WHAT YOU NEED TO DO
The full listing, excluding its pictures, should be printed exactly as it stands.

DATASET SECTION
····················

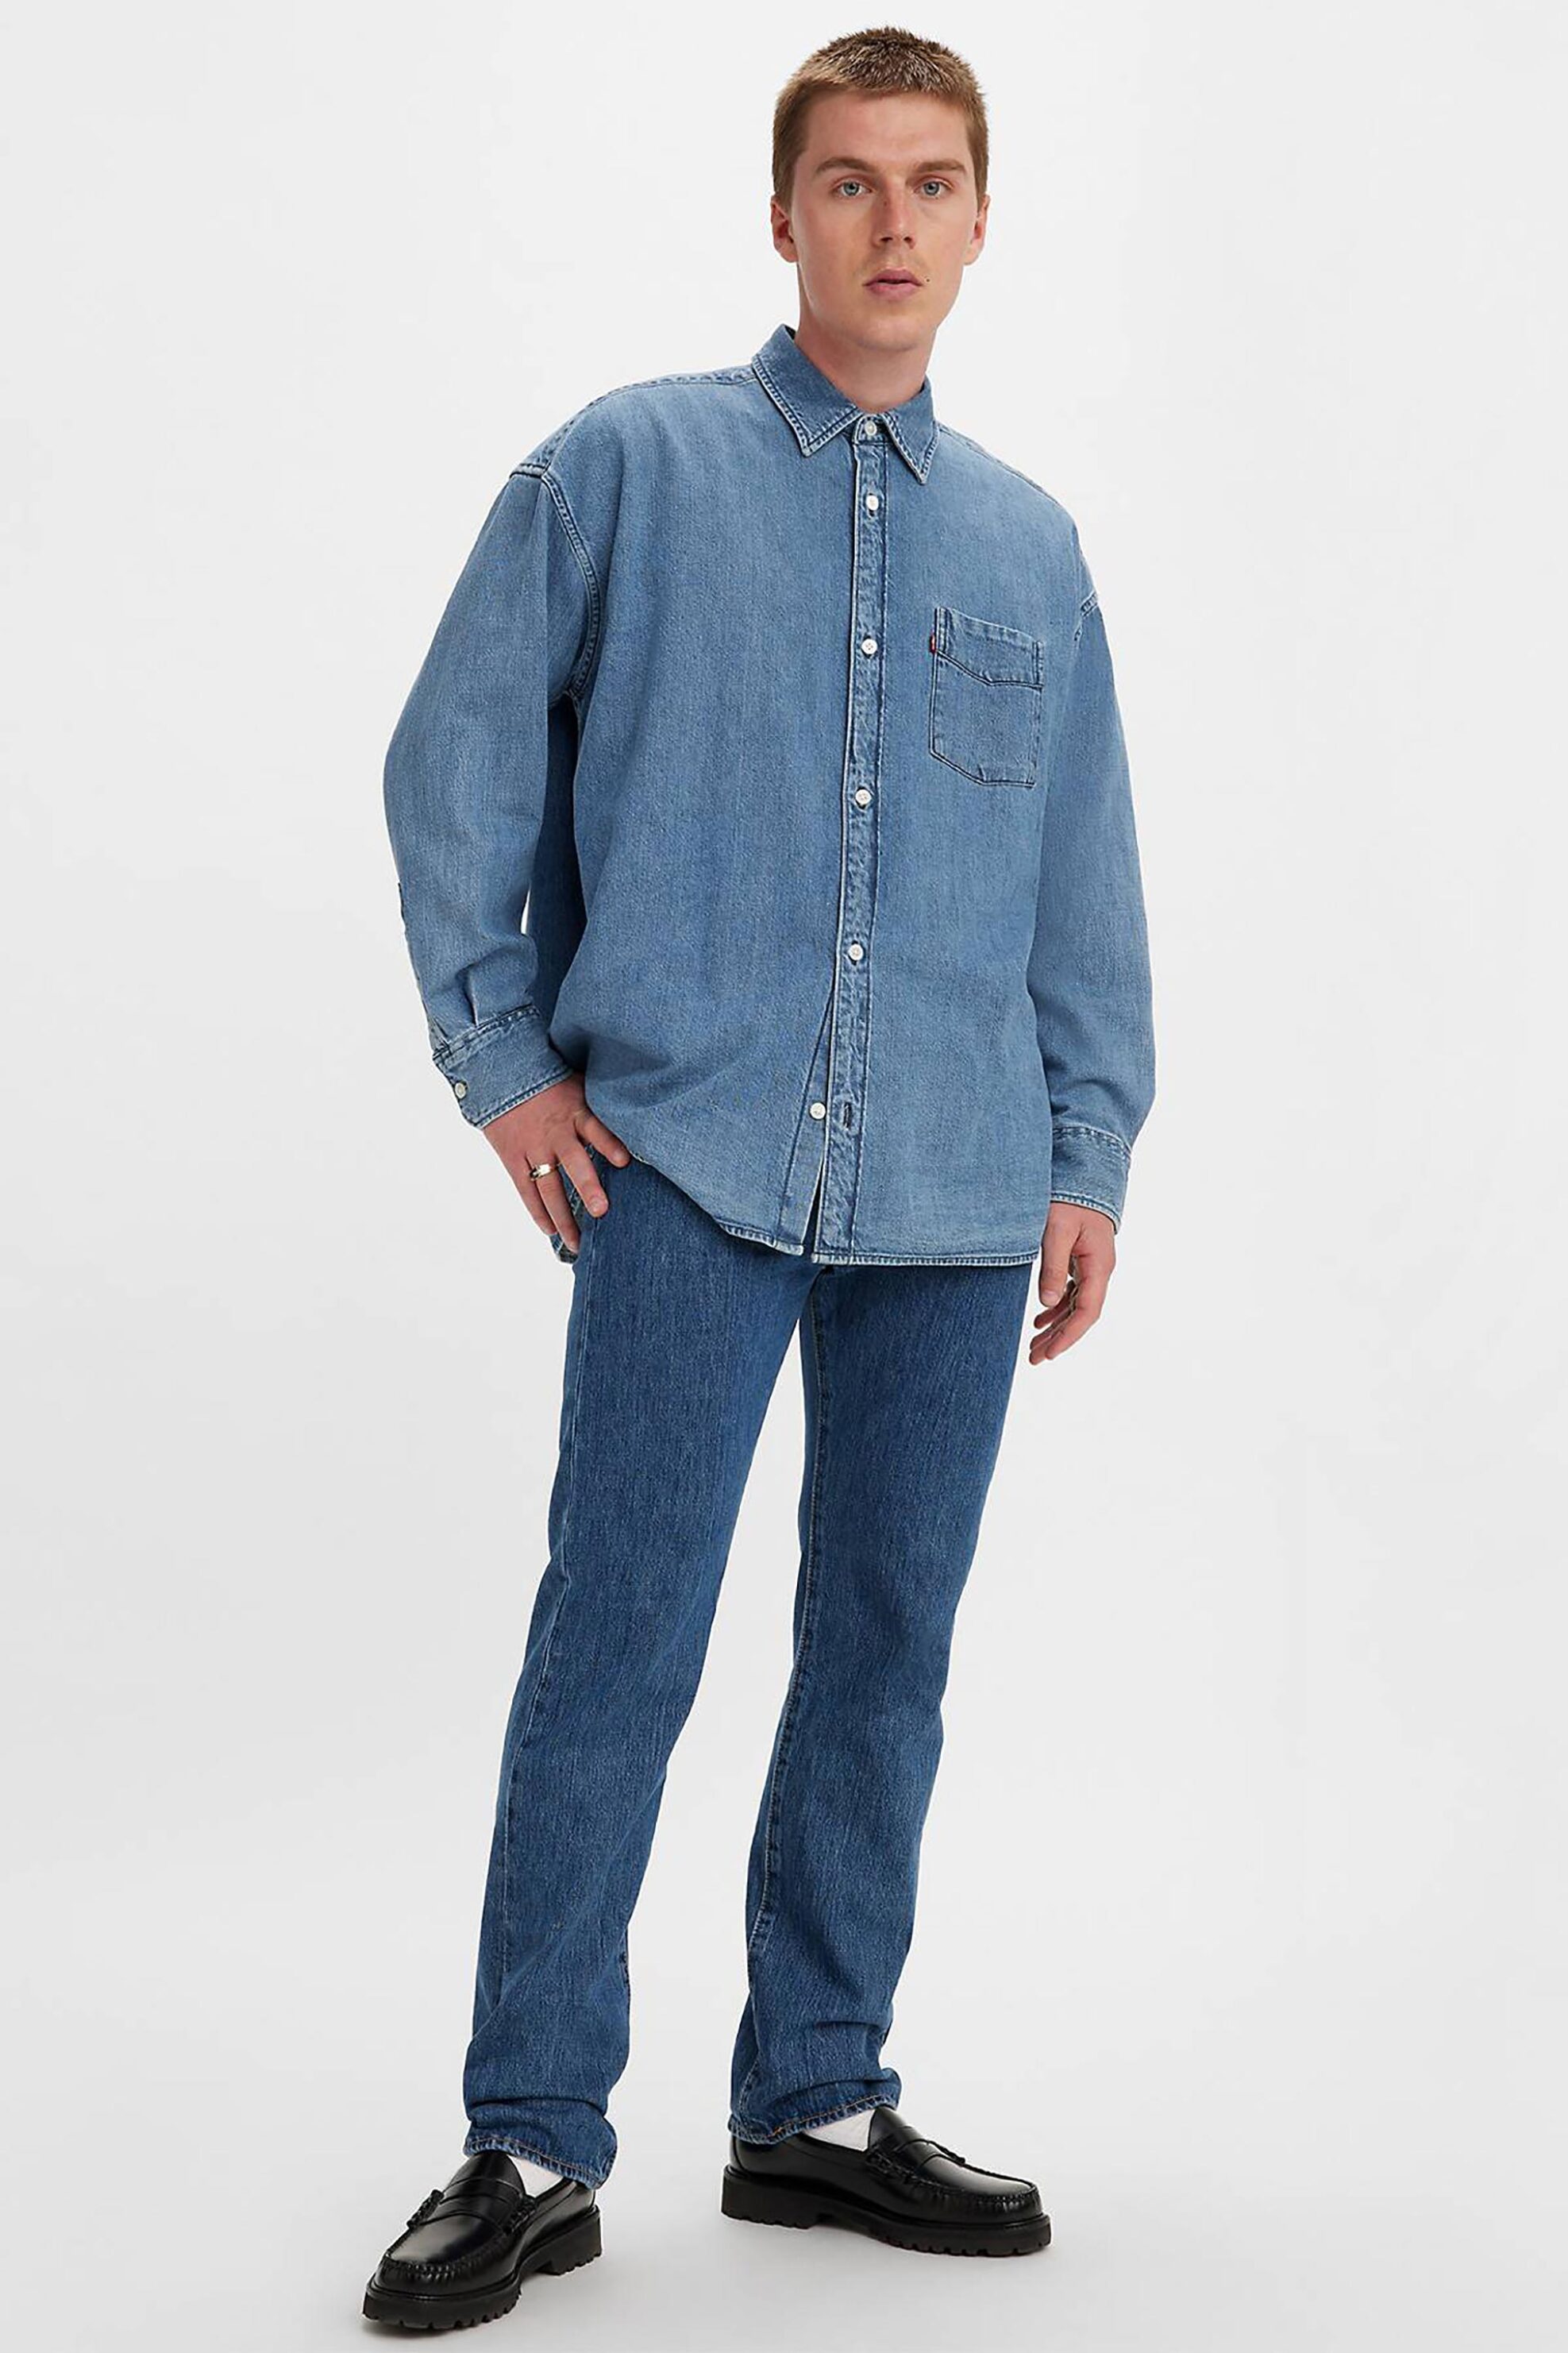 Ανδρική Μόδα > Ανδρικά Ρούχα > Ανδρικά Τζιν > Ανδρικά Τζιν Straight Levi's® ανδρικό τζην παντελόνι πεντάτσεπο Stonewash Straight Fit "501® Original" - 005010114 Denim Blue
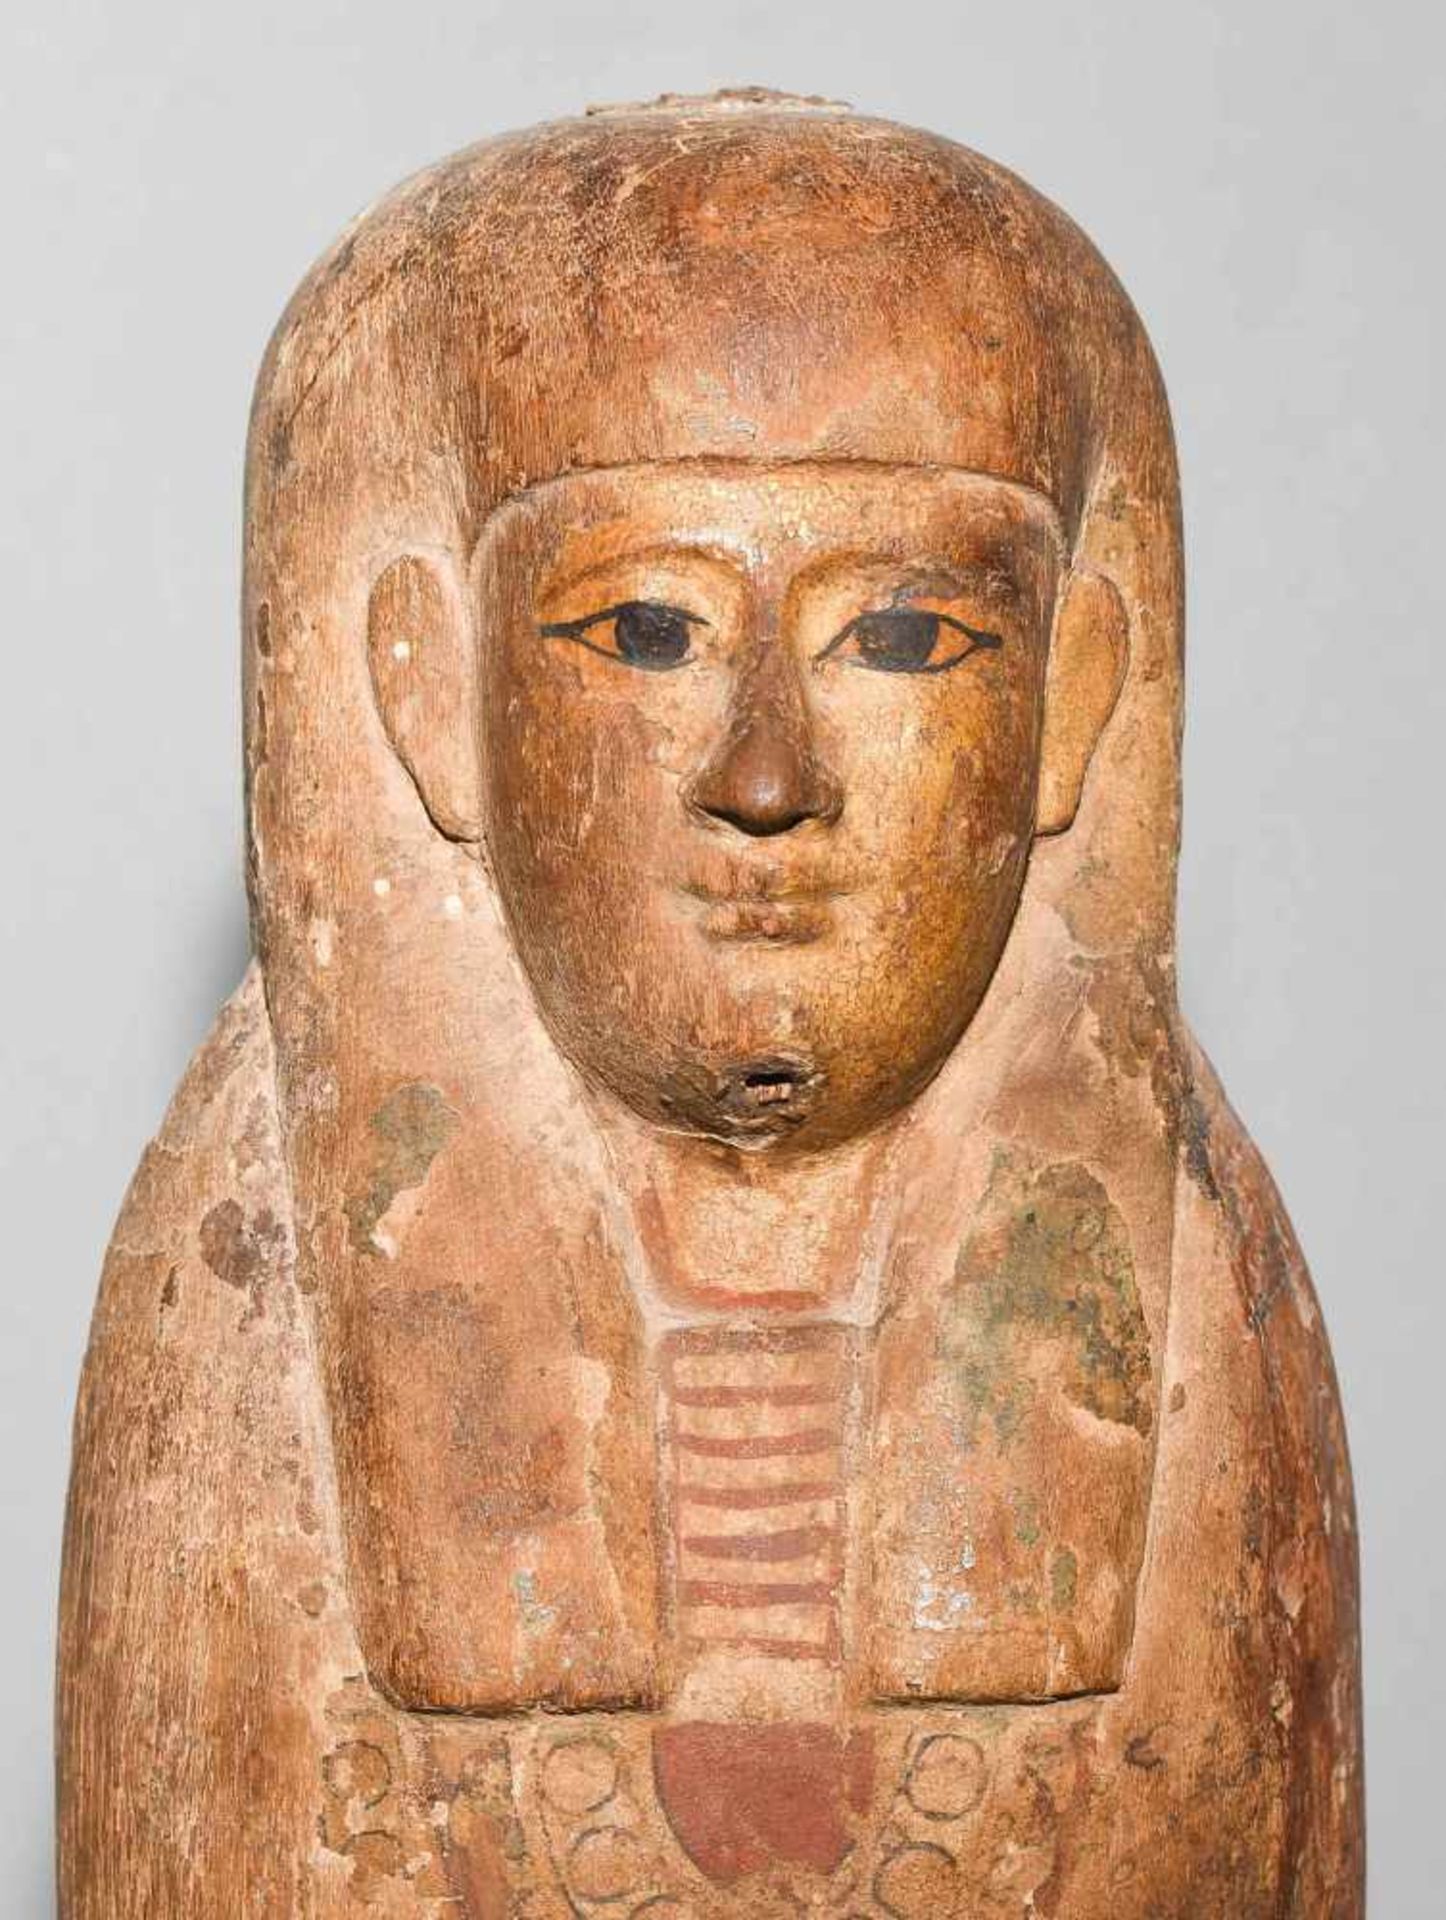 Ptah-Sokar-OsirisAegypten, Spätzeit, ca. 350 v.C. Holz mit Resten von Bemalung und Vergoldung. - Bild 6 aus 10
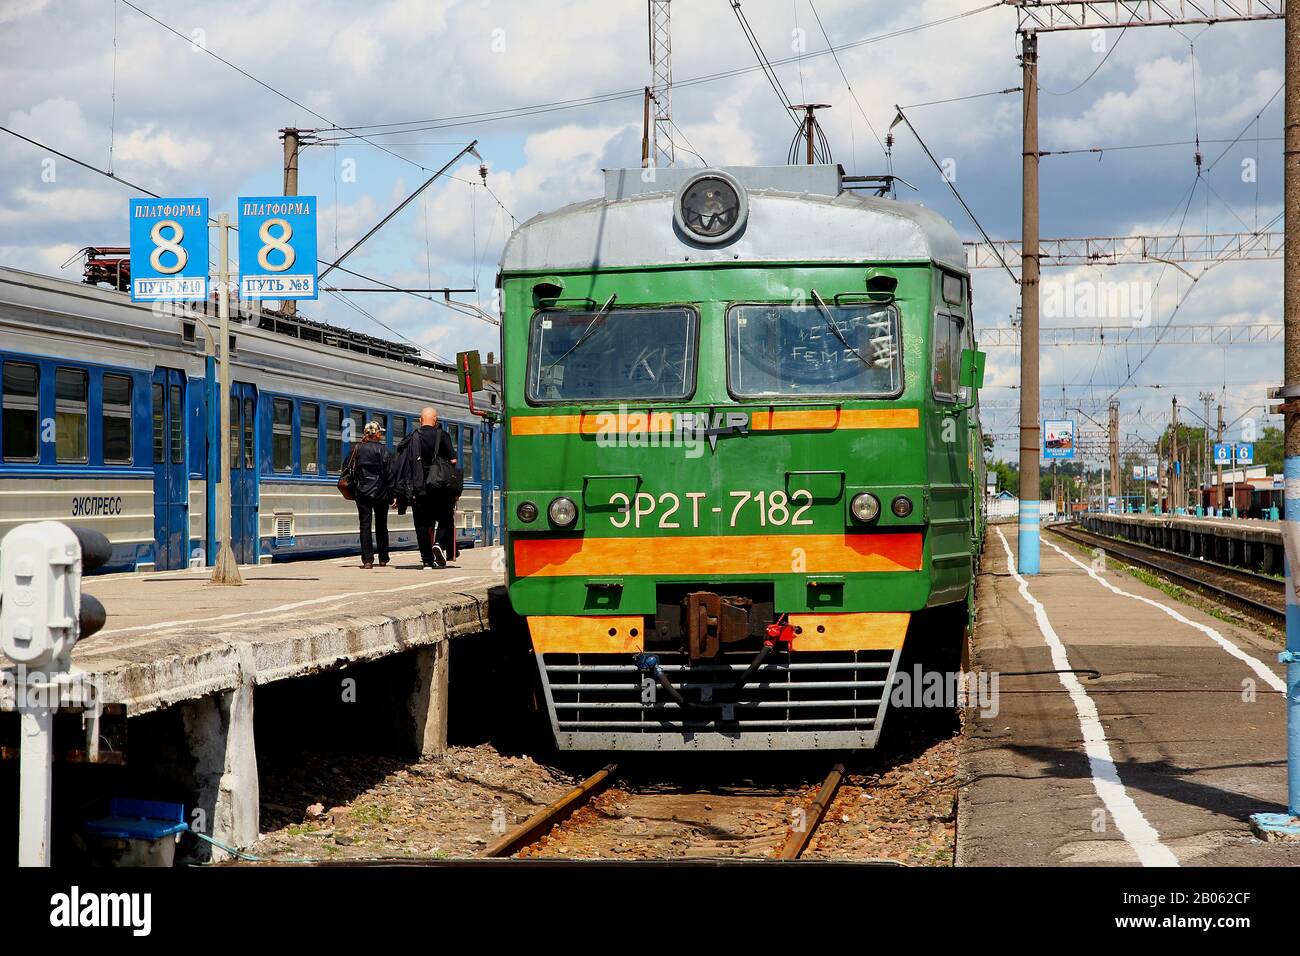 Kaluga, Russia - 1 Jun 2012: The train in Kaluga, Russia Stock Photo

····················

RESPONSE
 Ανδρική Μόδα > Ανδρικά Ρούχα > Ανδρικά Τζιν > Ανδρικά Τζιν Straight Levi's® ανδρικό τζην παντελόνι πεντάτσεπο Stonewash Straight Fit "501® Original" - 005010114 Denim Blue
 Ptah-Sokar-OsirisAegypten, Spätzeit, ca. 350 v.C. Holz mit Resten von Bemalung und Vergoldung. - Bild 6 aus 10
 Kaluga, Russia - 1 Jun 2012: The train in Kaluga, Russia Stock Photo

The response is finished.